### Stored data
* * * * *
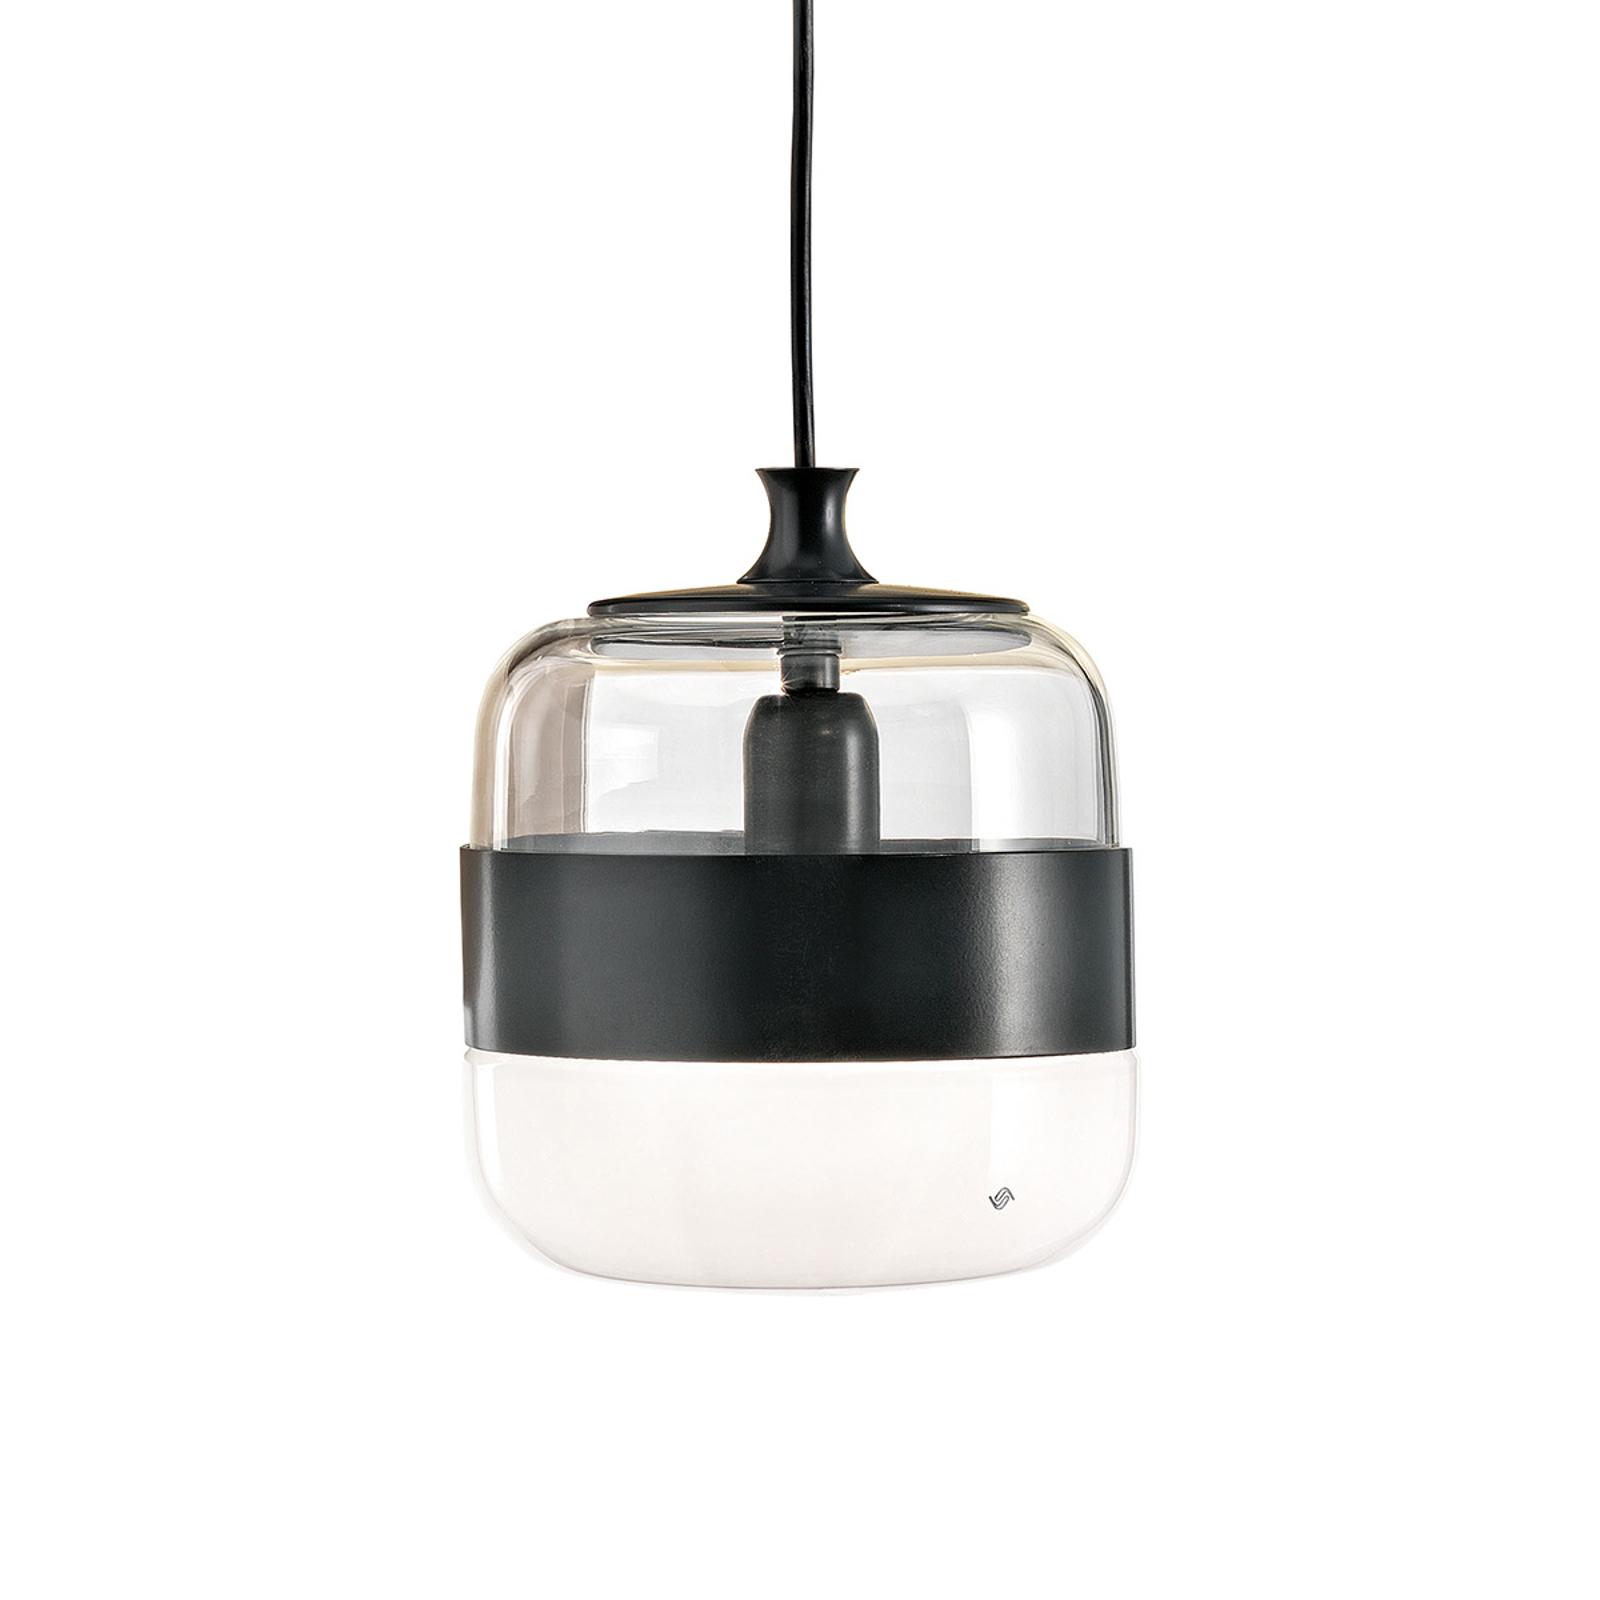 Lampa wisząca Futura ze szkła Murano, 20 cm
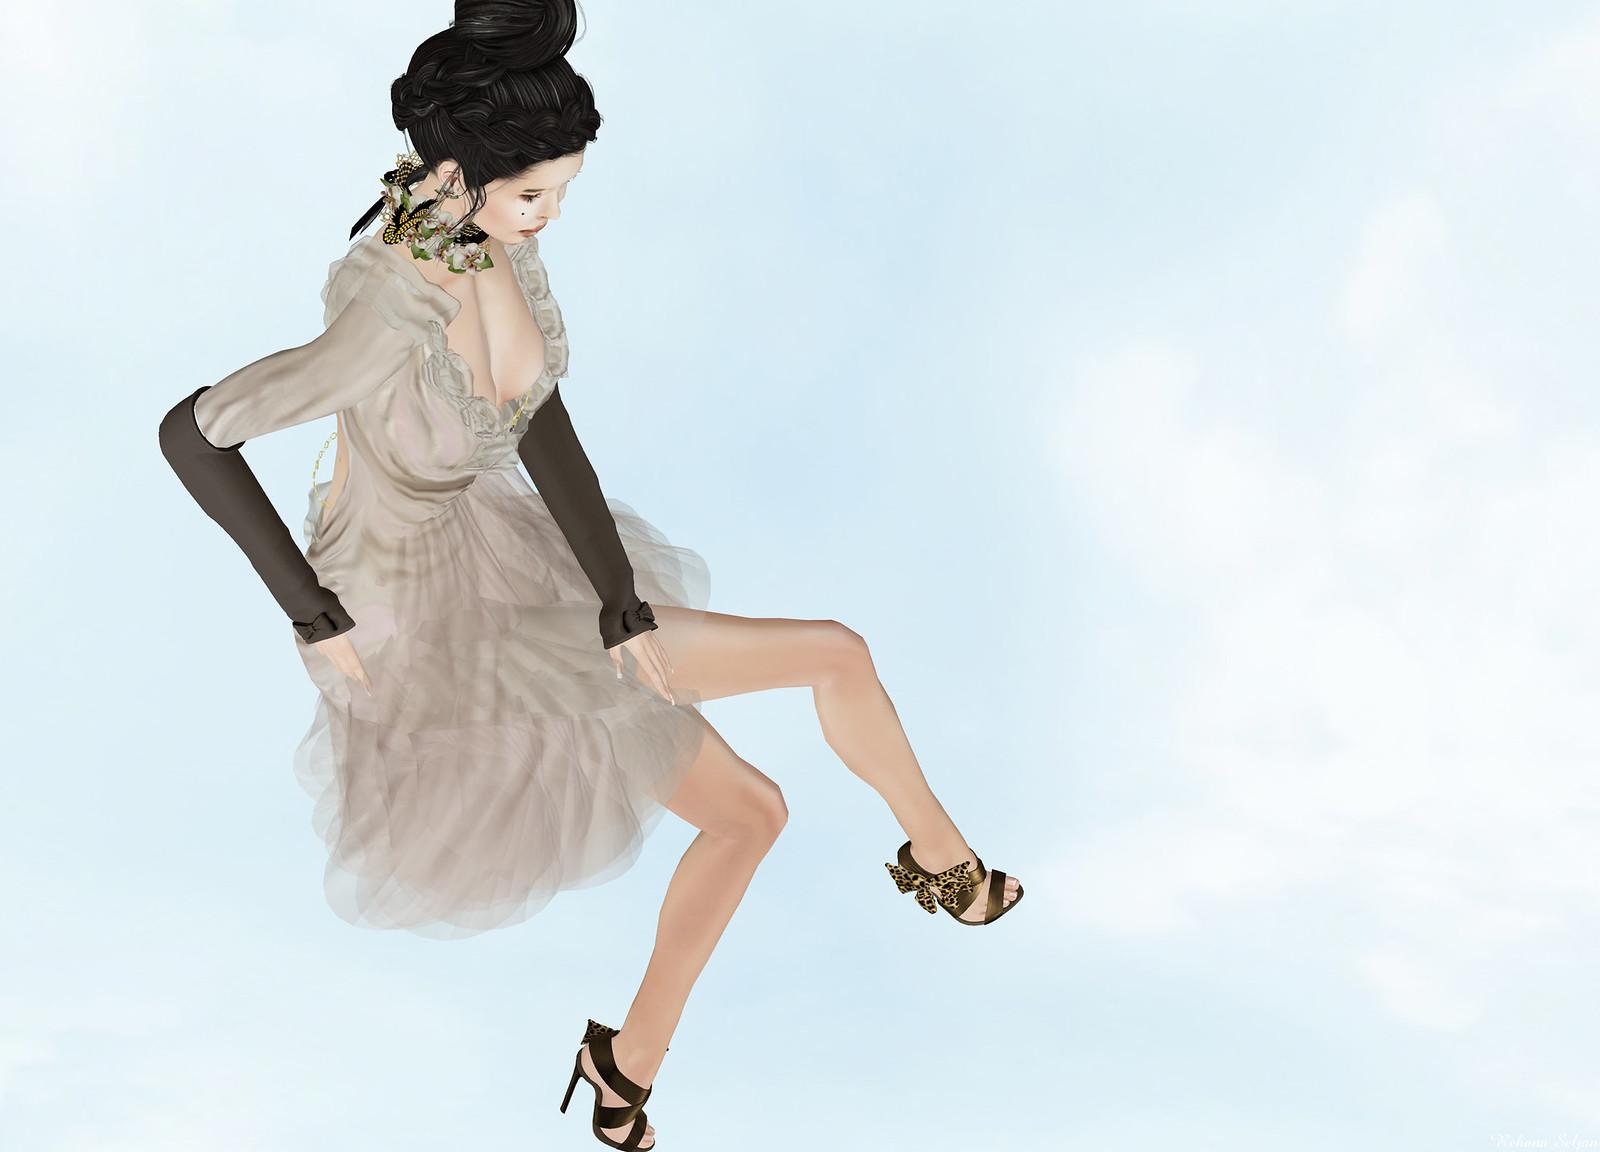 RAYNE - Cherish @Black Tie
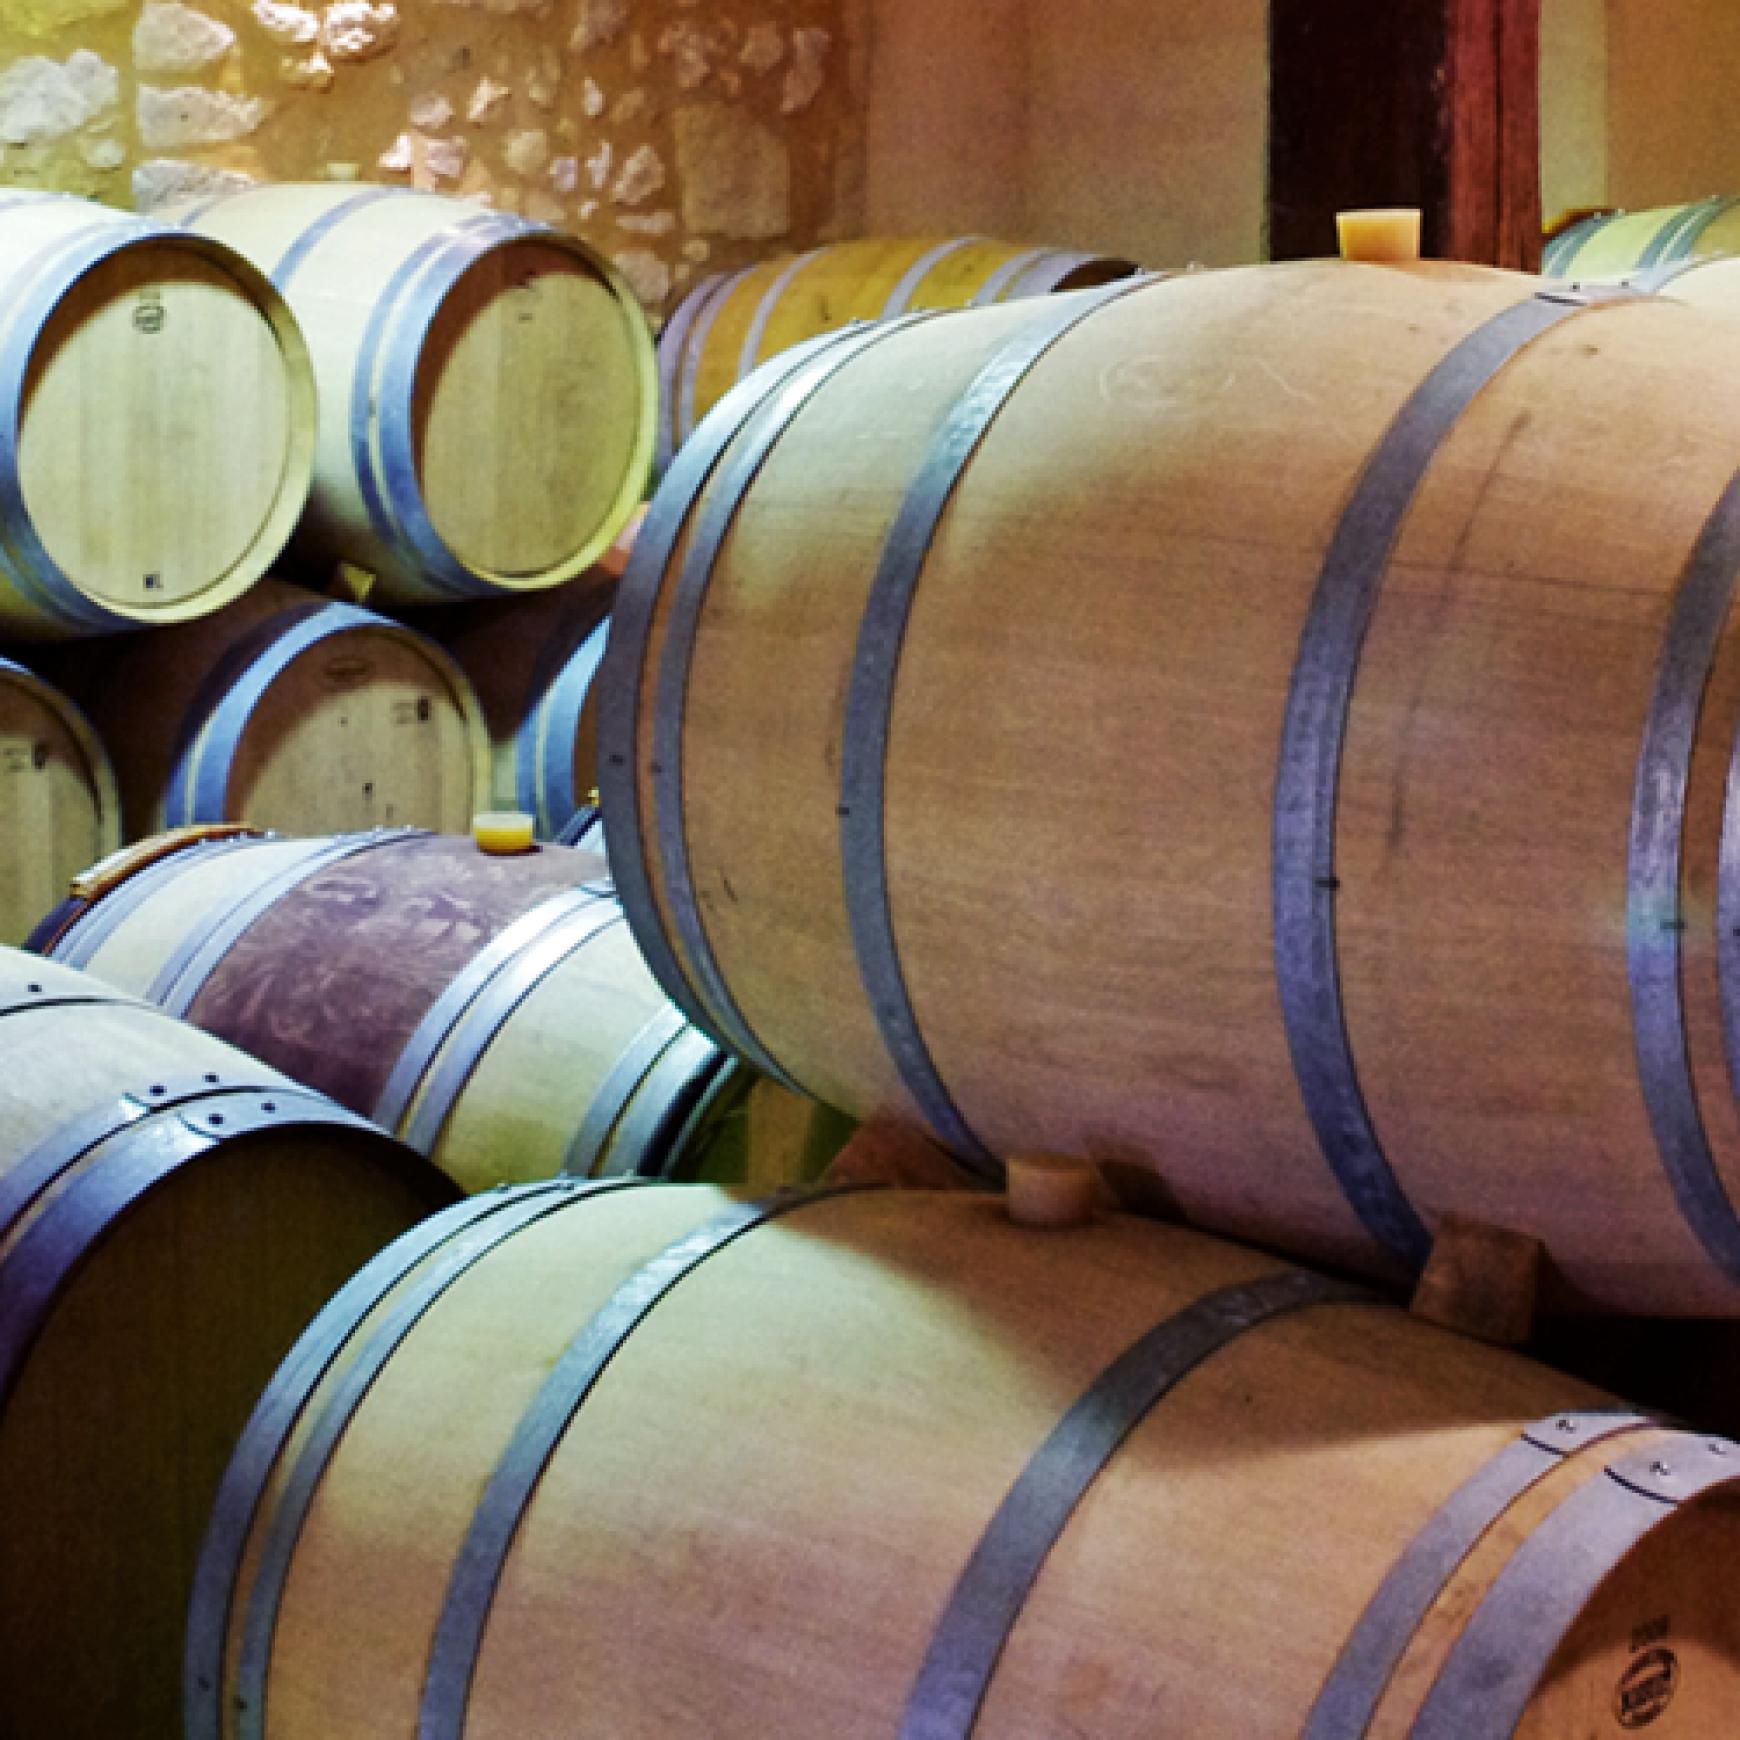 #7 Geschichten aus Bordeaux – Direkt an der (Wein-)Quelle: Jahrgangsrück- und -ausblick 2018
* * * * *
### Exercise description
Nothing but the lines from the one holding "RAYNE - Cherish @Black Tie" through the last line of the listing should appear in the answer, copied exactly and without pictures.

### Solution for this exercise
 RAYNE - Cherish @Black Tie
 #7 Geschichten aus Bordeaux – Direkt an der (Wein-)Quelle: Jahrgangsrück- und -ausblick 2018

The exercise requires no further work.